マヒルは、一号の言葉に微妙に衝撃を受ける。


「なるほど。つまり、お前さんが問題としたいのは、卸から小売の間で、製品がどこに消えちまったかってことだ」

二号が納得したようにつぶやくと、一号も顔をあげ、目線で二号に頷いた。


ええっと。ちょっと、ちょと待てい……。

両手を上下に振りながらマヒルが、声をあげた。

「ていうかさ。あのさあ、一号。なんでそんな大事なことを、メールしてくれなかったのよ? こないだ、せっかく、せっかく連絡網作ったのにさぁ」


「あ、その、連絡網といえばさ。オレ、試しにメール流してみたのよ、先々週。あれからすぐにさ」

二号が突如、いつもの口調に戻っていった。


「でも、会長宛てのだけ、戻ってきちまうんだよなあ? ホントにこのアドレスあってんのかよ?」

二号が、ミッフィーちゃんもどきのアップリケのついたキルティングの手提げ、いわゆるお弁当バッグってやつから、二つに折りたたんだ紙を取り出し、マヒルの方に突き出した。

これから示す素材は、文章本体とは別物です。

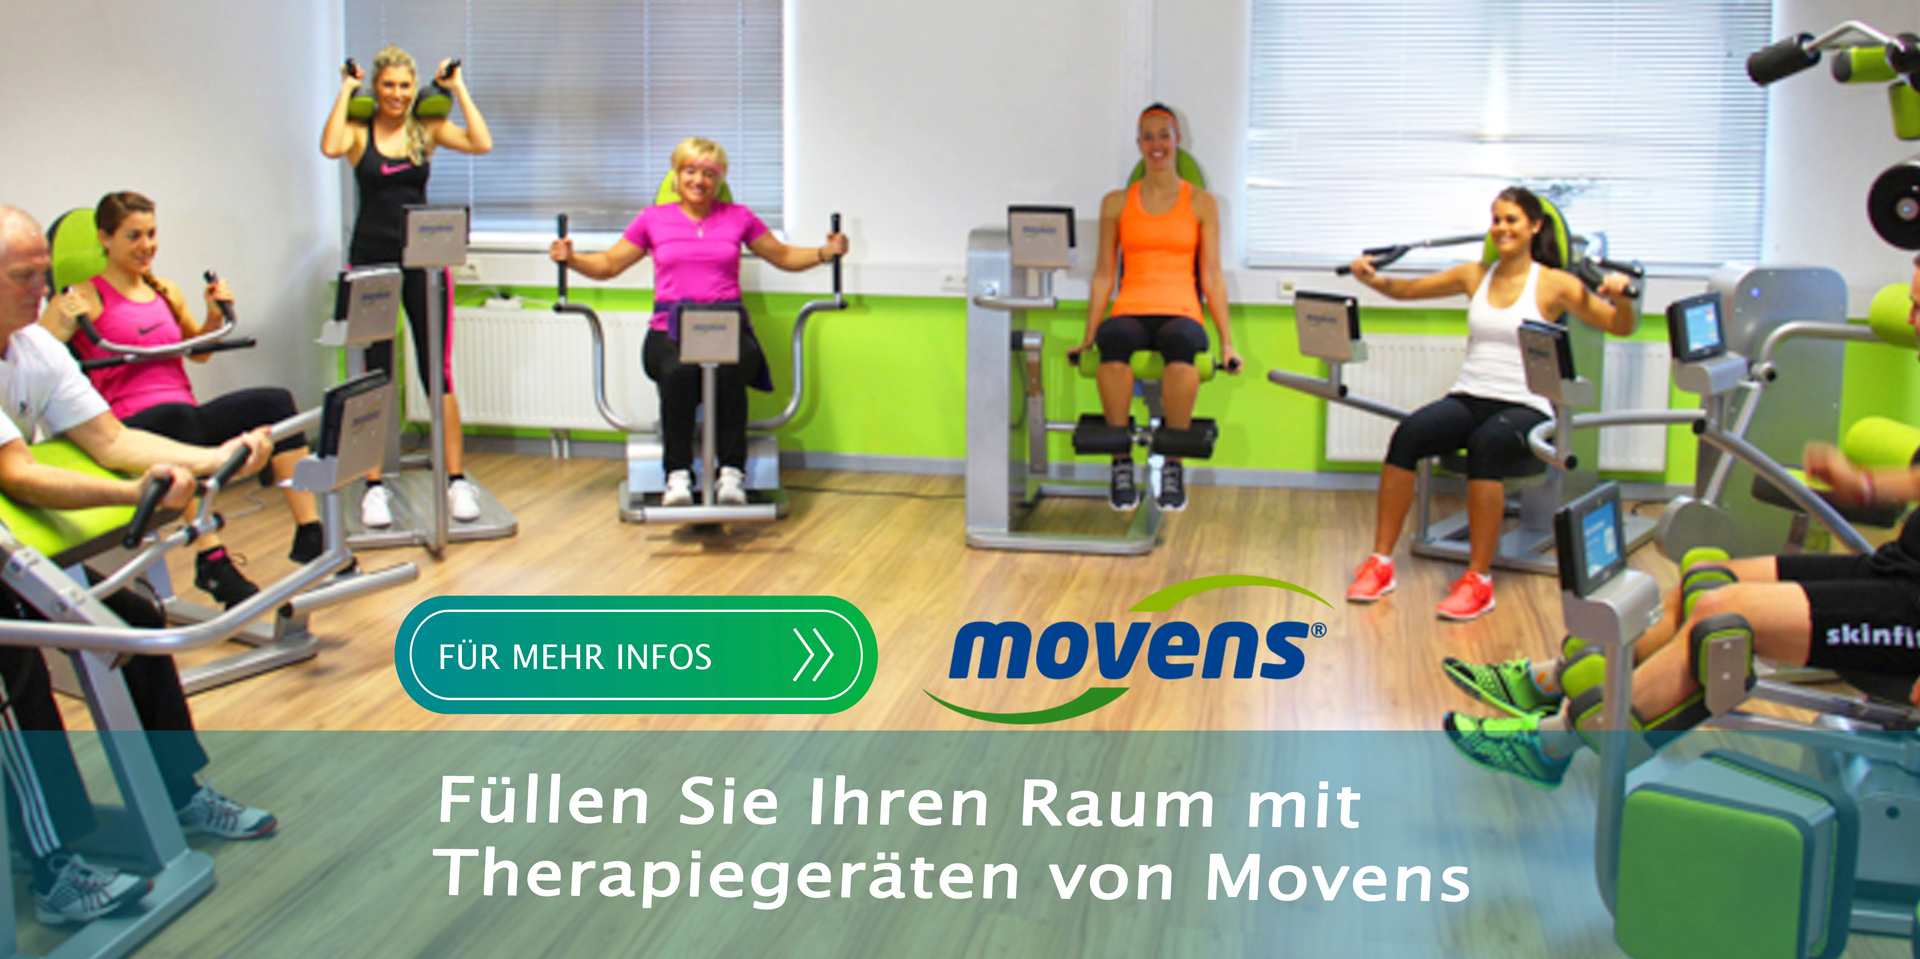 Movens - Therapiegeräte für Physiotherapie und Reha

「なに? このエクセル表の打出し。行、ほそーい。見にくぅ」

ひとしきり文句をたれてから、マヒルは二号から赤ボールペンを借り受けた。


「あ、ここ。これ。アンダーバーじゃなくって、ハイフンだよぉ」

マヒルが声をあげると、一号が手帳を手に立ち上がり、エクセル表を覗き込んだ。


間違っている箇所に、マヒルが乱暴に赤ペンをいれるのを見ながら、一号も自分の手帳を修正する。


マヒルは、訂正し終わった紙とペンを二号に突き戻した。

二号は受け取った紙を眺めると、ボールペンで頭を掻きながら言った。

「あ、なんだ、ここ顔か……メルアドに顔文字なんか入れるなよな、会長」


「え? 顔文字なんかどこにあります?」

三号が声を上げると、一号もが三号の方に軽くのり出し、自分の手帳を三号の方に差し出した。

一号の肩が三号の首筋にかすかに触れた。

その瞬間、三号の肩が痙攣した。


二号も身をのり出すと、さっき頭を掻いていたボールペンの尻で一号の手帳を叩いた。

「ここ、ここ。ハイフン、アンダーバー、ハイフン」


三号が、それでもまだ腑に落ちないようだったので 一号が、空中に大きく図解してみせる。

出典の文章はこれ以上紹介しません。